Allobates algorei
- Conservation status: Near Threatened (IUCN 3.1)

Scientific classification
- Kingdom: Animalia
- Phylum: Chordata
- Class: Amphibia
- Order: Anura
- Family: Aromobatidae
- Genus: Allobates
- Species: A. algorei
- Binomial name: Allobates algorei Barrio-Amorós and Santos, 2009

= Allobates algorei =

- Genus: Allobates
- Species: algorei
- Authority: Barrio-Amorós and Santos, 2009
- Conservation status: NT

Species of frog

Allobates algorei, the spotted nurse frog, is a species of frog in the family Aromobatidae. It is endemic to Venezuela and Colombia.

==Habitat==
This diurnal, terrestrial frog lives in riparian primary forest habitats. It has shown some tolerance to habitat disturbance. Scientists have observed the frog between 400 and 1185 meters above sea level.

The frog's range includes some protected parks in, for example Páramos de Batallón y La Negra National Park, Chorro El Índio National Park, and El Tamá National Park in Venezuela and Tamá National Natural Park in Colombia.
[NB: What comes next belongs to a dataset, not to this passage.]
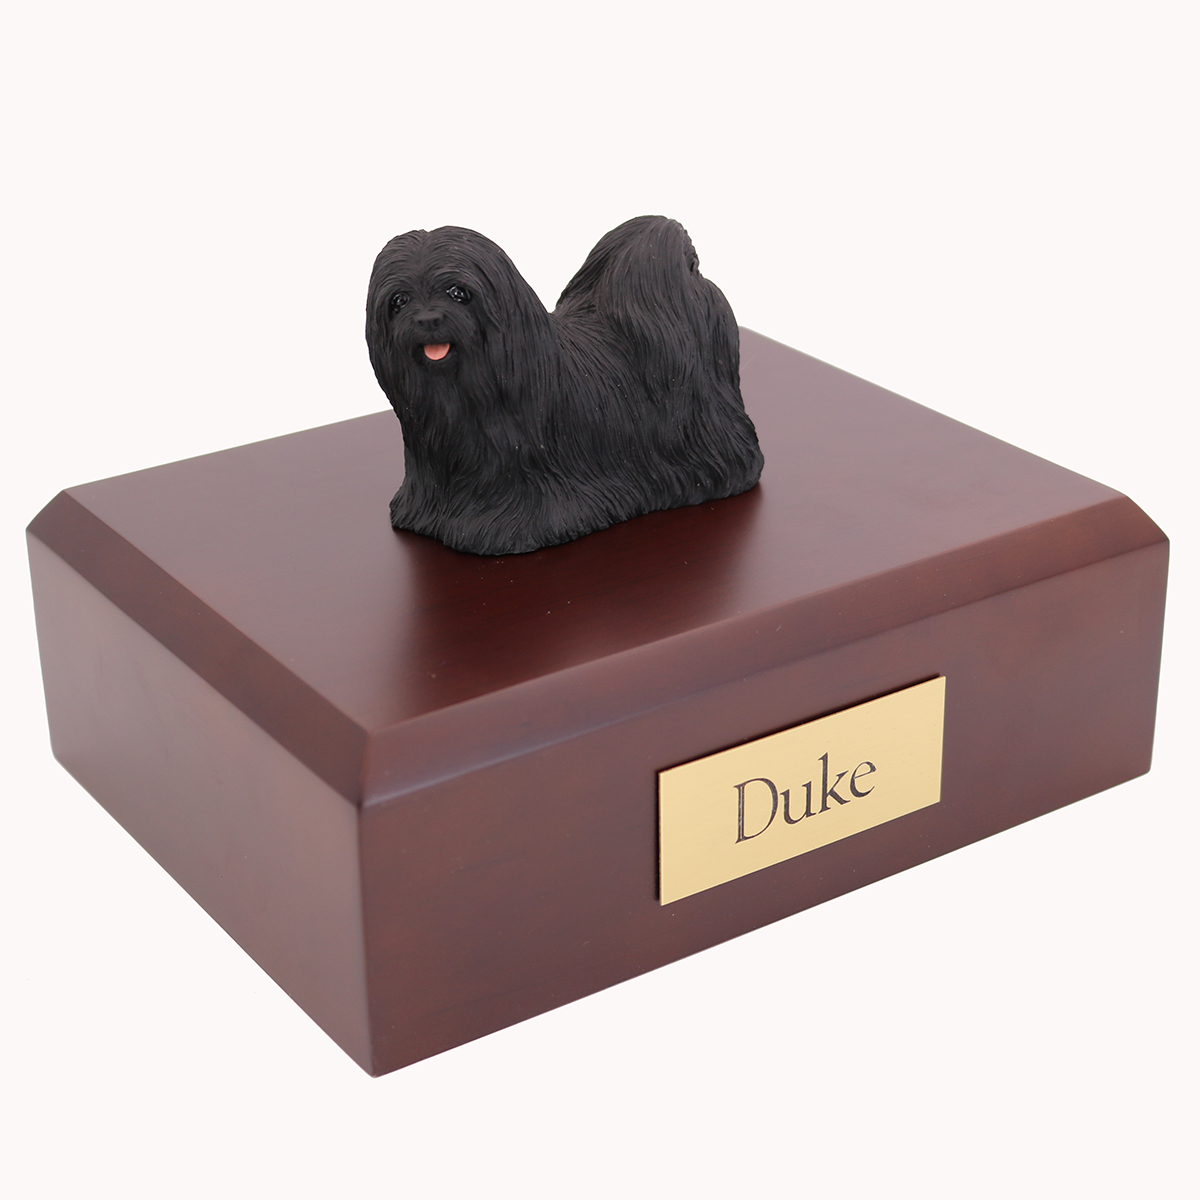 Dog, Lhasa Apso, Black - Figurine Urn
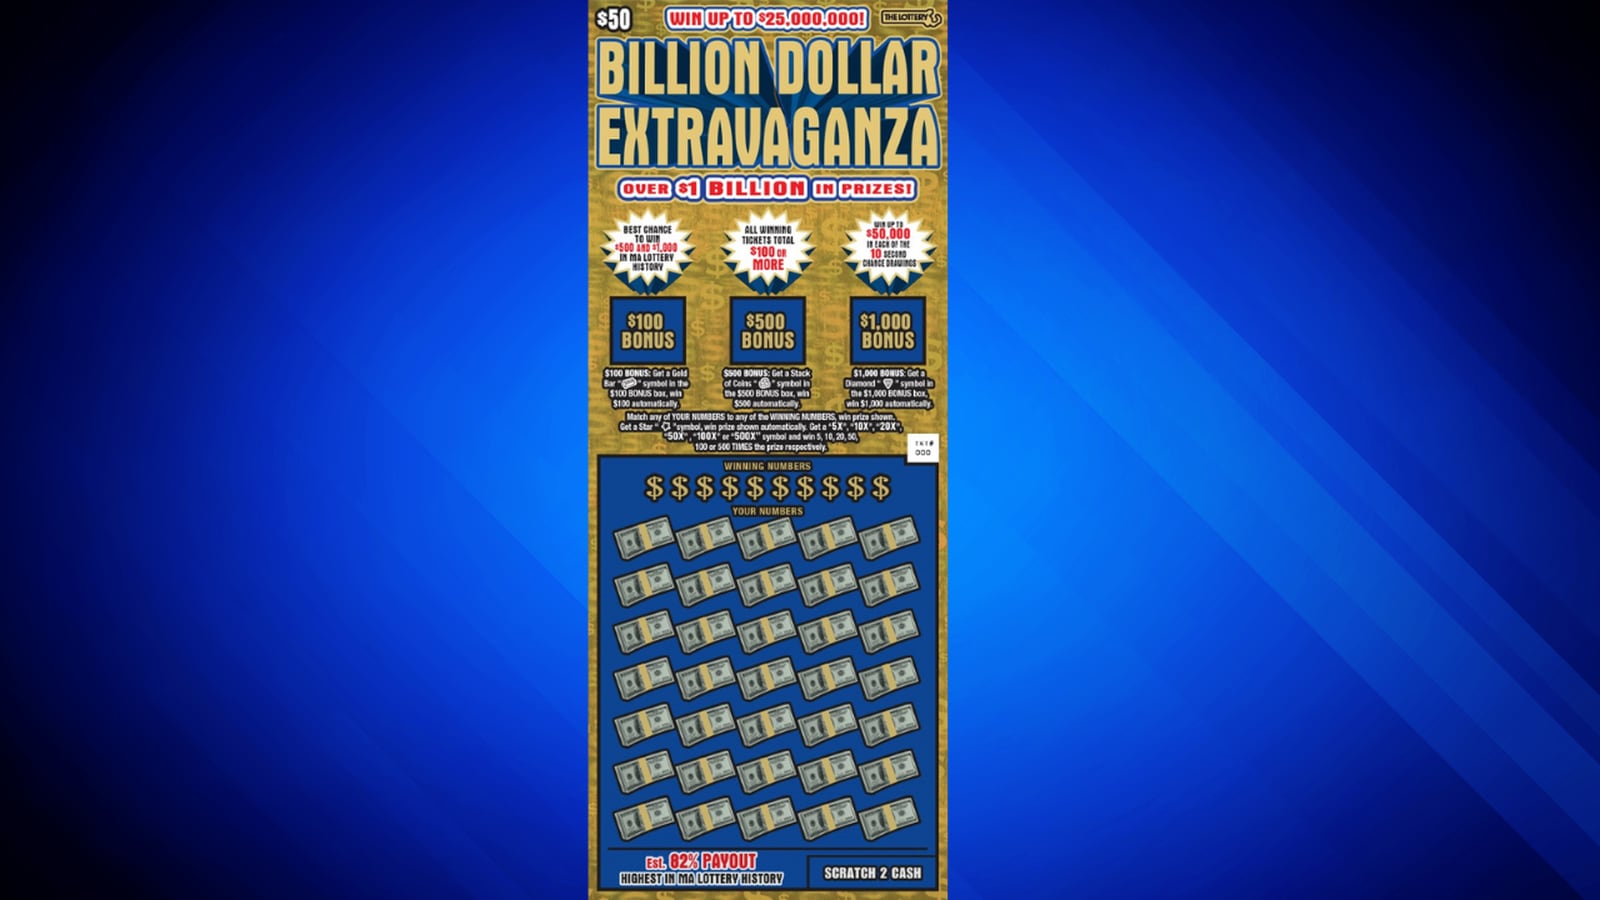 ‘Billion Dollar Extravaganza’ New 50 scratch ticket officially on

However, an 150-hour survey of Tamá National Natural Park did not result in any reports of A. algorei frogs there.

==Reproduction==
Male frogs hide in the dead leaves on the ground, under rocks, or in dense vegetation and call to the female frogs. Scientists infer that the female frog lays eggs on land and that, after the eggs hatch, the male frog carries the tadpoles to water, as in other species in this genus.

==Threats==
Venezuela's Fauna Red List classifies this frog as least concern of extinction and the IUCN Red List classifies this frog as near threatened. Its principal threat is habitat loss in favor of small-scale agriculture. The frog faces pollution from agrochemicals and loss of stream habitat from irrigation. Scientists also detected the fungus Batrachochytrium dendrobatidis on some of specimens, but they did not see any signs of the fatal disease chytridiomycosis.

==Original publication==
- Barrio-Amoros CL (2009). "Description of a new Allobates (Anura, Dendrobatidae) from the eastern Andean piedmont, Venezuela."